Since doing a university assignment on GANs last year, I’ve enjoyed keeping up and playing around with new GAN algorithms. My assignment was on Wasserstein-GANs (WGANs), a (at the time) fairly new way of training GANs that allowed for faster and more stable training - check out the paper here if you’re interested. I then extended this to the WGAN-GP, or gradient penalty WGAN, which fixed a big issue in the Wasserstein algorithm through the use of gradient penalties (paper here).

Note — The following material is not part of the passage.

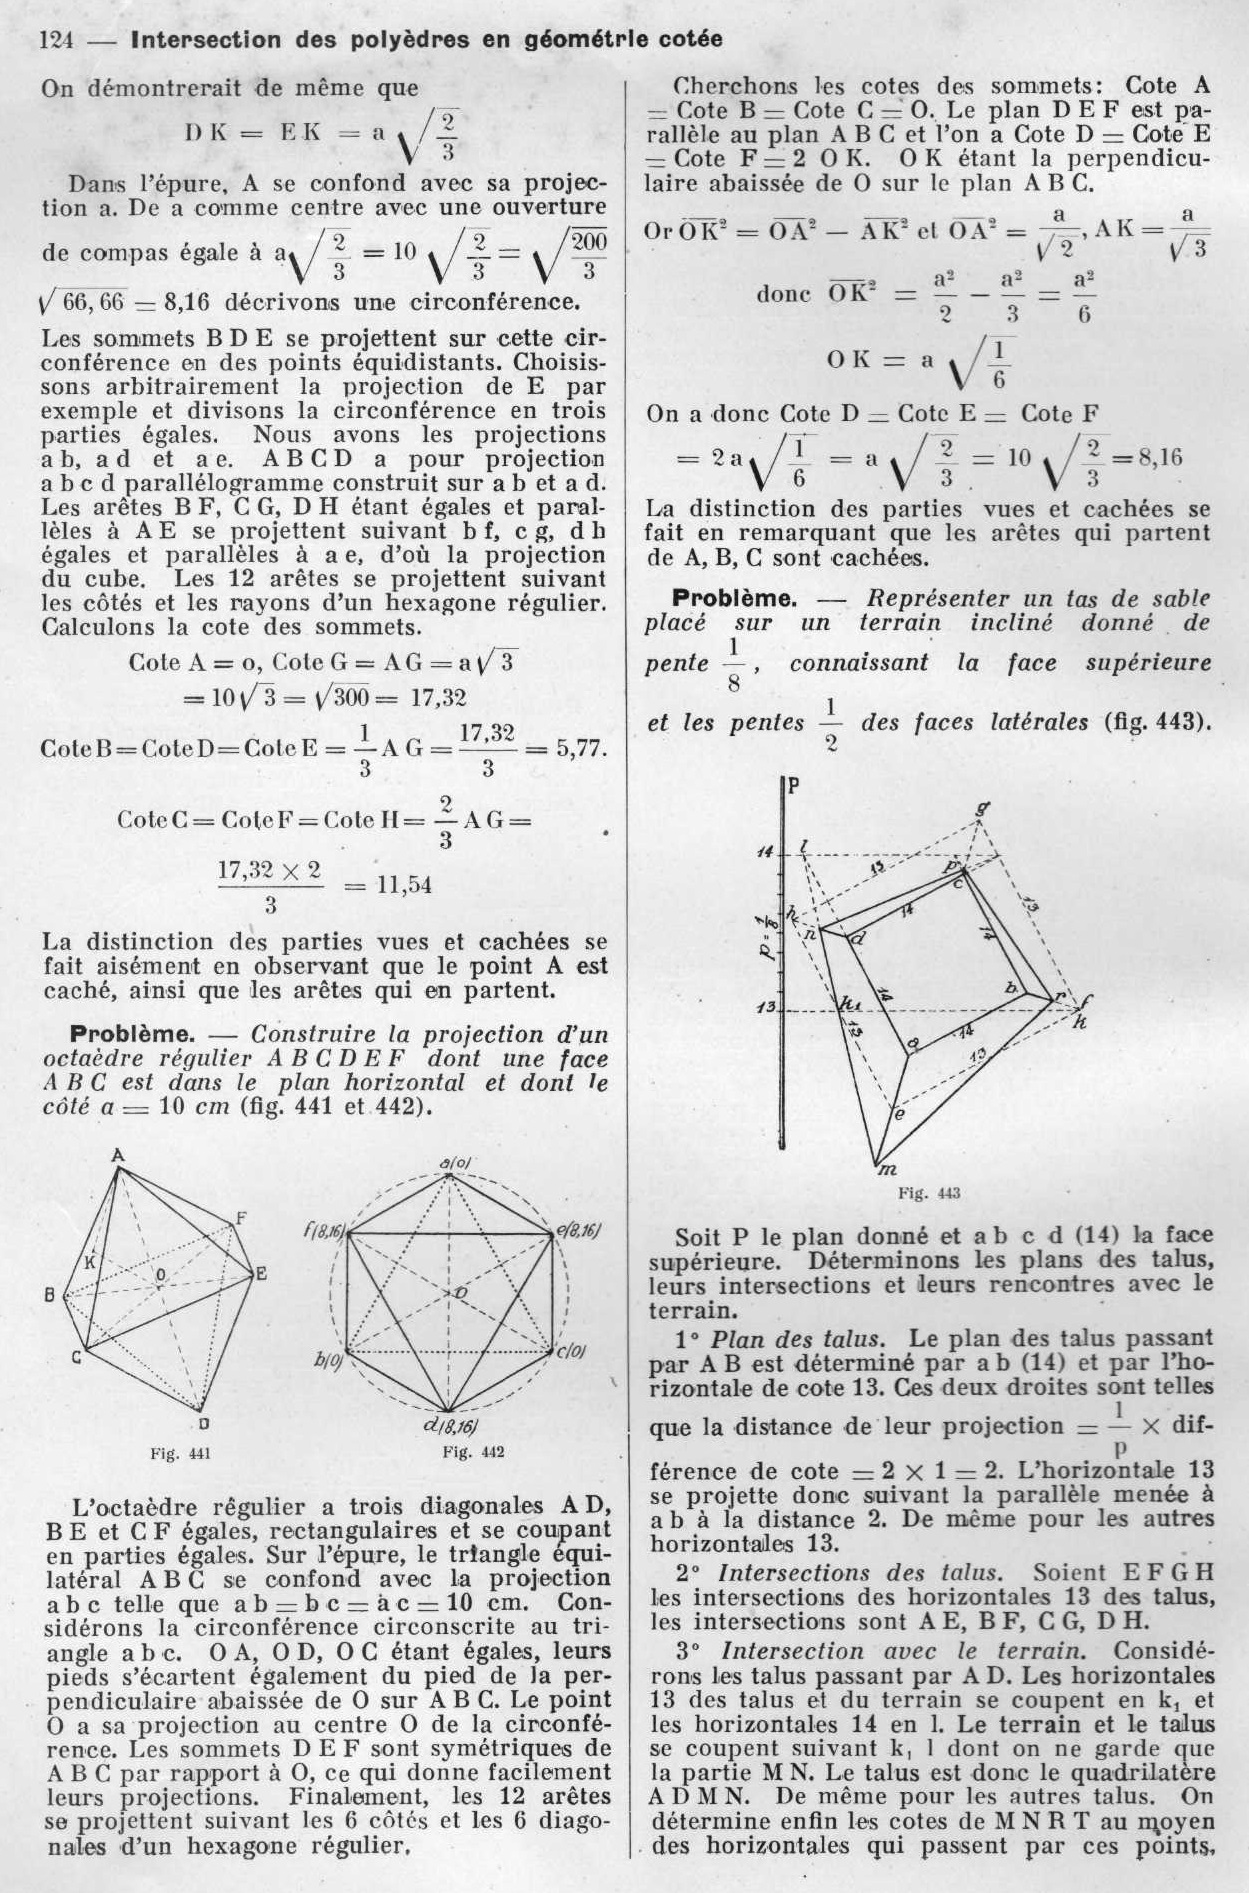 Intersection des polyèdres en géométrie cotée

I implemented these in a repository on my Github and played with a few datasets, mainly pokemon and anime face ones - for more details, please see the repository itself.

Even more recently, I was impressed (like many) by the StyleGAN developed NVIDIA, and already having a repository for messing with GAN algorithms, I decided to implement (or rather, adapt another person’s implementation - I didn’t have that much free time) a StyleGAN and train it on my old toy datasets. So after some tuning, I trained a very basic StyleGAN on both a small-ish anime face dataset and a tiny pokemon image dataset (essentially just the official Sugimori art for all pokemon up to generation 6) - again, see my repository for details. The results aren’t the best, but they are interesting to look at, at the very least.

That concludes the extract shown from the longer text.